Chloe, My name is Pepper Brooks. I just read your article. I believe you and I want to talk. Can we meet? I own Brooks’ Books in town if you feel more comfortable talking in person instead of responding through your site. Hope to hear from you soon.
I passed the phone to Alex, letting him read what I’d written.
“Good call acknowledging her fears so you’re already on her side.” He read through the rest and handed the phone back to me.
Satisfied, I sent my message. “And now we wait.” I sighed, blinking up happily at the sun as its rays blanketed my face.
I knew we were still investigating a murder and there was a killer out there, but it felt so different being back home.

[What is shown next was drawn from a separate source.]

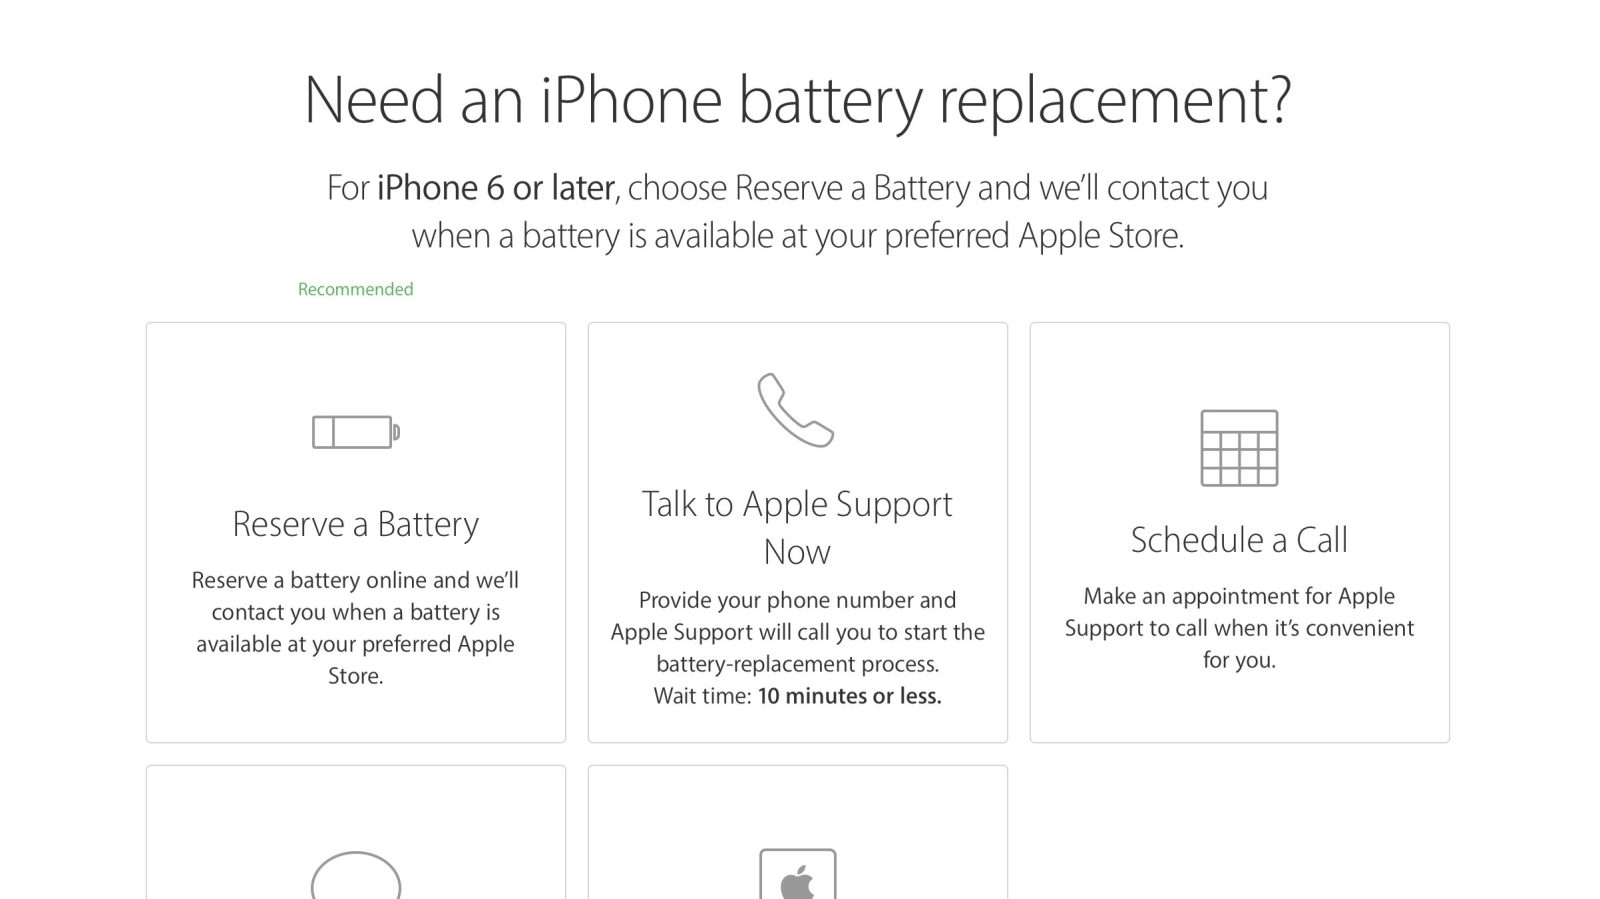 apple offers online battery reservations in canada, recommends

It felt safer than the quiet woods, ironically more peaceful when we didn’t have to look over our shoulders every other moment, worried there might be a killer searching for another unsuspecting throat.
And it wasn’t just the killer we had to worry about, either. Fueled by the stories and the journal, this fraternity was growing into a looming presence in my mind. An evil power bent on quieting anyone who threatened its anonymity. If Chloe and Dylan were to be believed, the TriAlphas had the means and connections to ruin lives.